For a fuller chain-side vocabulary (deployer view), see the akash-network:akash skill's rules/terminology.md.
What this skill covers
| Area | File |
|---|
| Hardware, network, and OS requirements | @rules/requirements.md |
| Kubernetes cluster setup (single + multi-node) | @rules/setup/kubernetes-cluster.md |
Installing provider-services and CRDs | @rules/setup/provider-installation.md |
Initial provider configuration (provider.yaml) | @rules/setup/configuration.md |
| Attribute schema and how SDLs filter on them | @rules/configuration/attributes.md |
| Pricing script — how bids are priced per resource | @rules/configuration/pricing.md |
| Bid engine tuning (when to bid, min/max prices) | @rules/configuration/bid-engine.md |
| Day-to-day lease management | @rules/operations/lease-management.md |
| Monitoring (metrics, alerting, on-chain status) | @rules/operations/monitoring.md |
| Common failures and how to diagnose | @rules/operations/troubleshooting.md |
Architectural overview
Internet
│
├──► Tenant manifest push (mTLS or JWT)
│
▼
provider-services daemon
│
├──► bid engine ──► broadcasts MsgCreateBid
├──► manifest receiver ──► applies workload to Kubernetes
├──► proxy ──► forwards tenant traffic to pods (ingress)
│
▼
Kubernetes cluster
├── tenant pods (workloads)
├── ingress controller
├── persistent volumes (beta2 / beta3 / ram)
└── (optional) GPU operator
The provider does three jobs:
- Bid on orders from the chain (responding to
MsgCreateDeployment events).
- Receive manifests from tenants and apply them to Kubernetes.

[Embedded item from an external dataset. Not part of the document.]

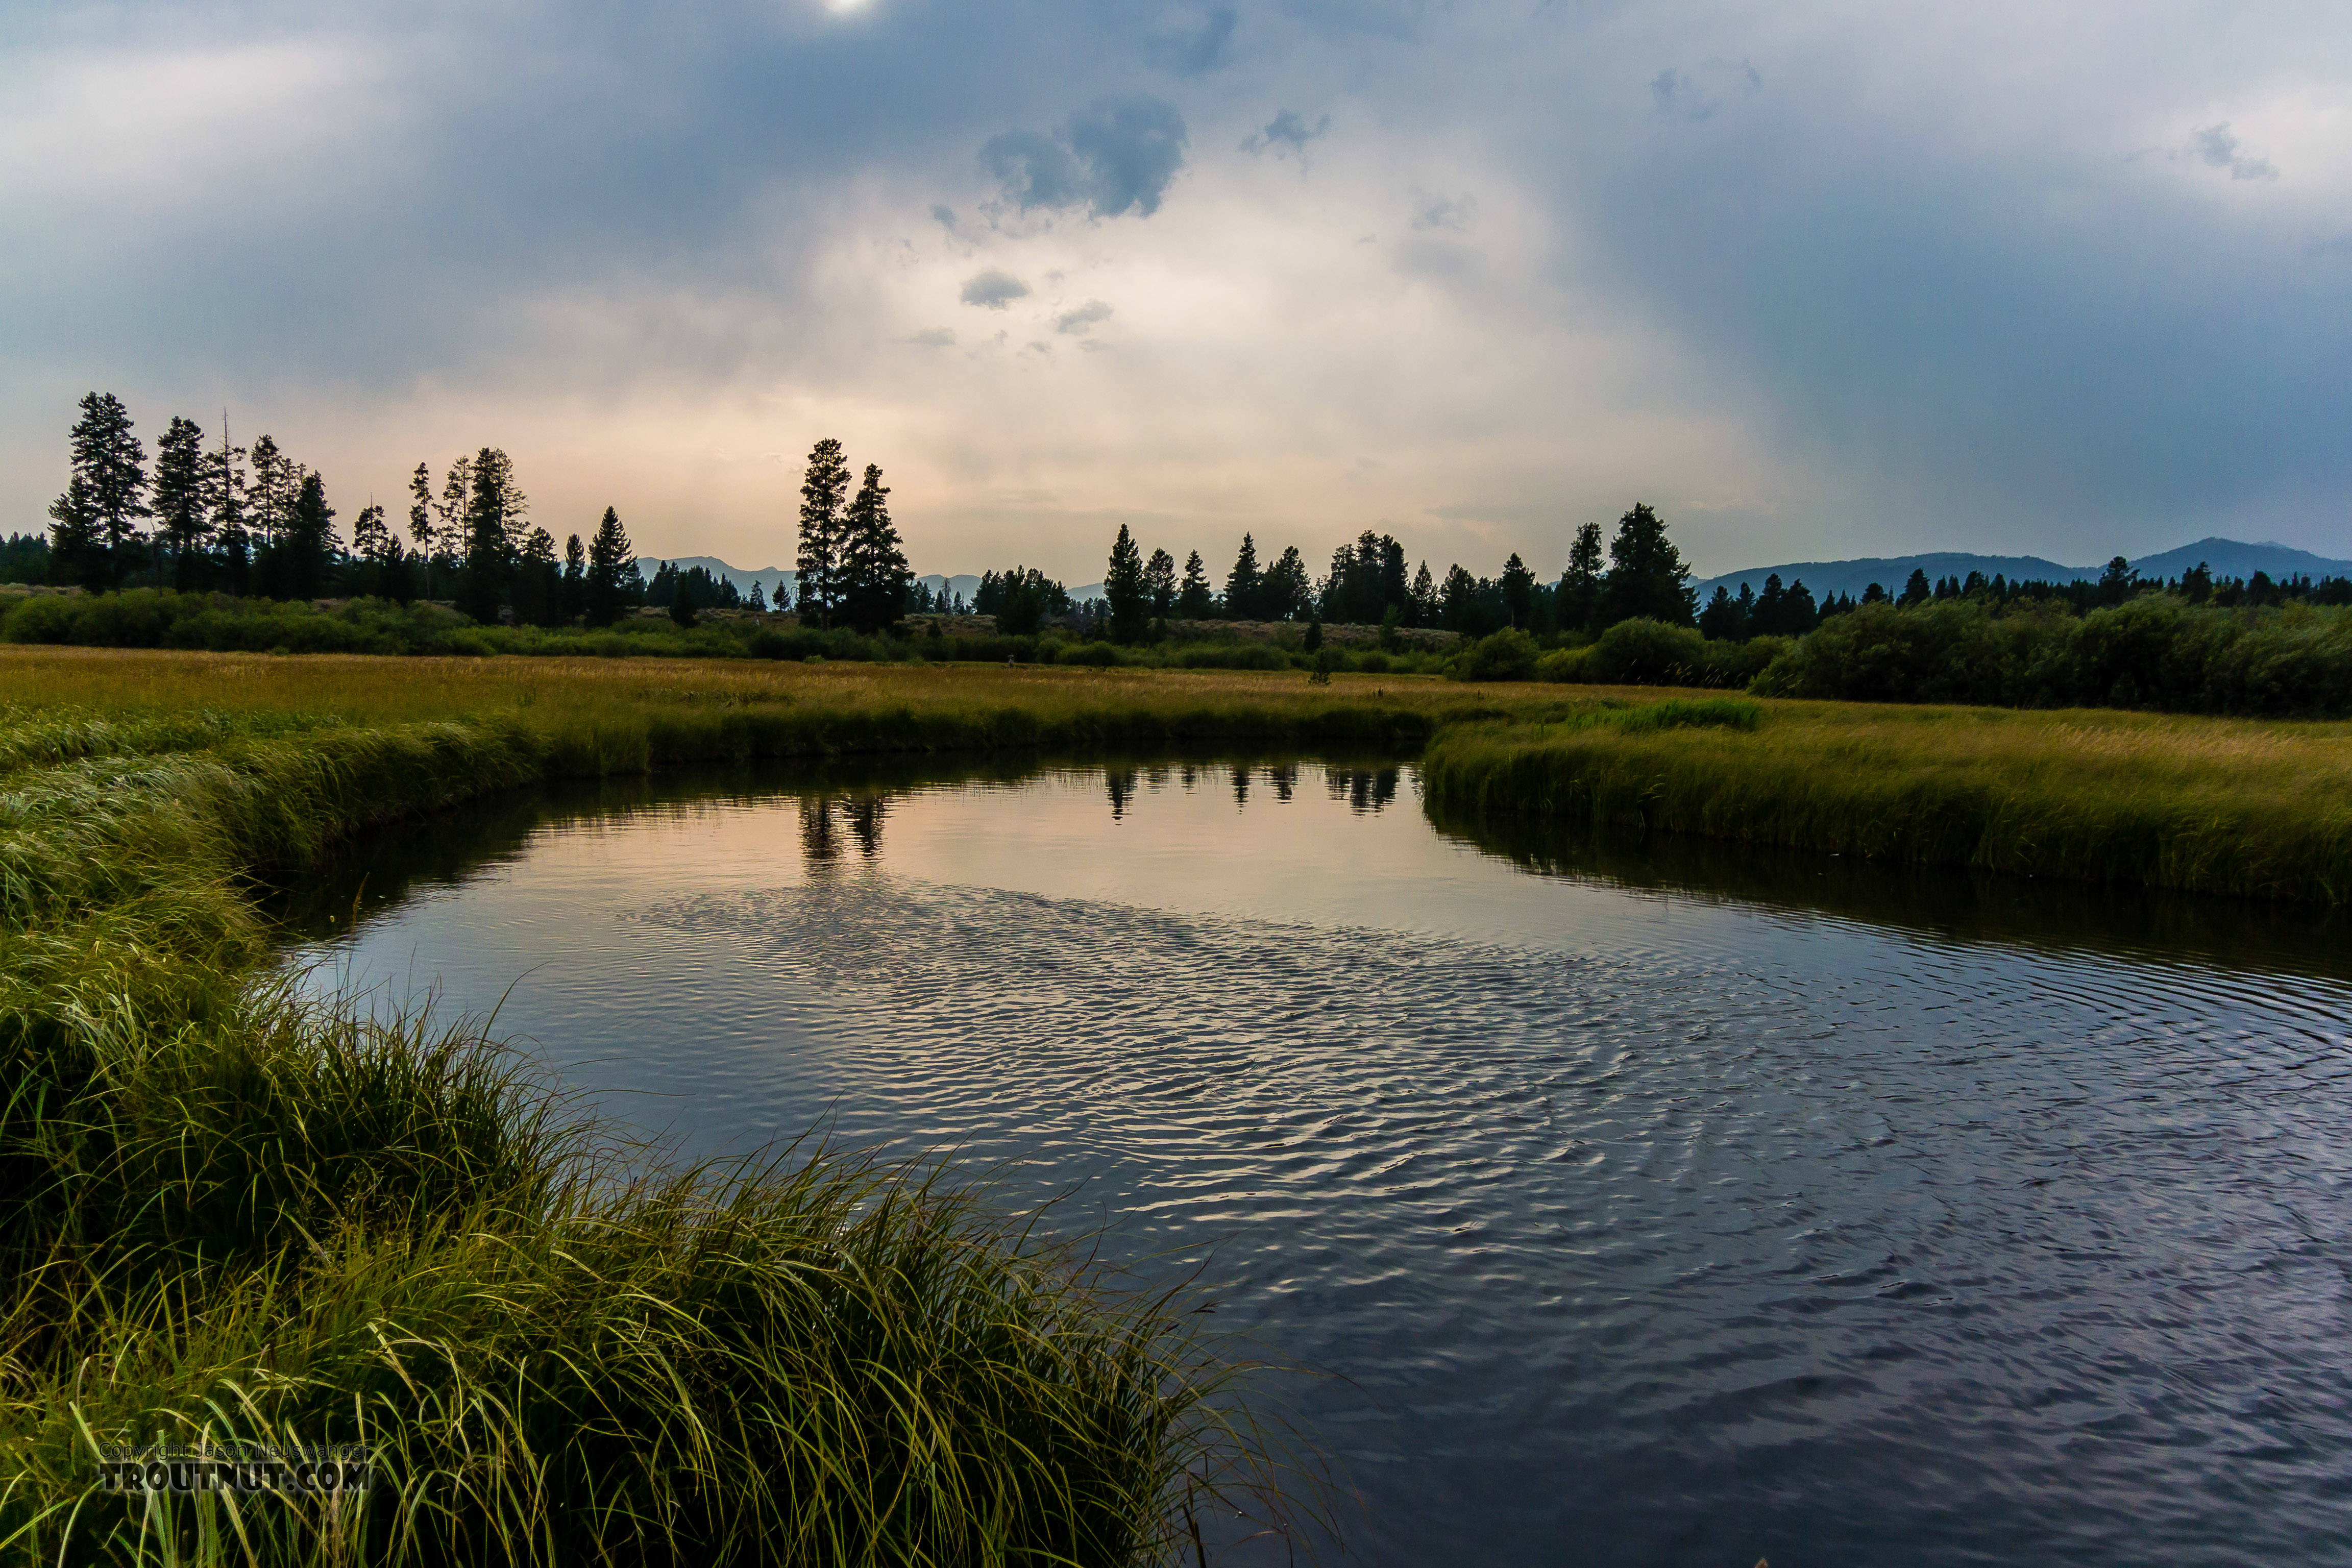 From Duck Creek in Montana.

- Serve traffic to running pods through its ingress.
Critical rules
- Use
uact in your bid pricing script (the script's output becomes the price field on MsgCreateBid). Use uakt for --gas-prices, minimum-gas-prices, and bidMinDeposit (chain gas + bid escrow). The two denoms aren't interchangeable; the chain enforces both — and the deposit field on MsgCreateBid is uakt, distinct from the price field.

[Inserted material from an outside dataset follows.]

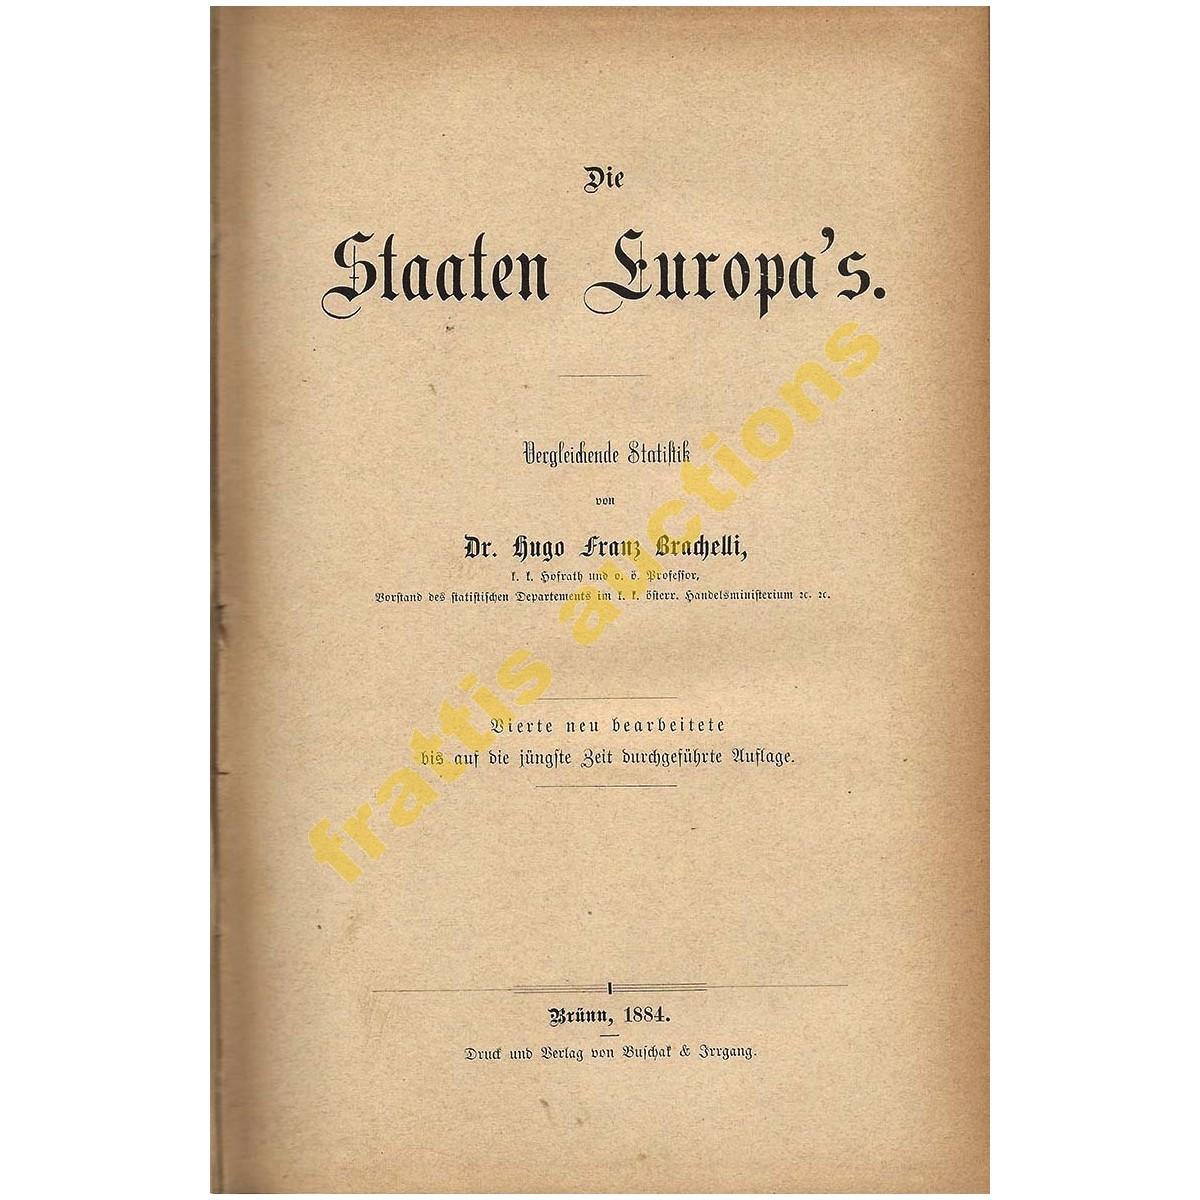 Die Staaten Europa's, Brachelli,1884.

- Provider TLS identity is your on-chain wallet. The provider's TLS certificate must have a CN/SAN matching its on-chain Akash address. Tenants validate it that way.
- Keep
provider-services up to date. Chain upgrades regularly break older provider releases. Subscribe to the Akash Discord / GitHub releases.
- Audit attributes are trust signals. If you advertise
signedBy claims (e.g. "trusted by AkashNetwork"), you must arrange the on-chain signature from the auditor. Don't claim unverified audits.
- GPU providers must match SDL filters exactly. GPU vendor and model strings in your attributes must match what SDLs ask for, or you won't bid (e.g. SDL requests
vendor.nvidia.model: a100, your provider must expose that).
Quick reference — useful commands
akash query provider get akash1yourprovider...
akash query market lease list --provider akash1yourprovider...
kubectl -n akash-services logs -f deployment/akash-provider
kubectl -n akash-services logs -f deployment/akash-provider | grep -i bid
Companion skills
akash-network:akash — Deployer-side knowledge: how tenants write SDLs, what attributes they filter on, and the bid-matching workflow (rules/bid-matching/) that deployers use to check which providers can run their SDL. Helpful to run against your own provider to see whether you're being filtered out.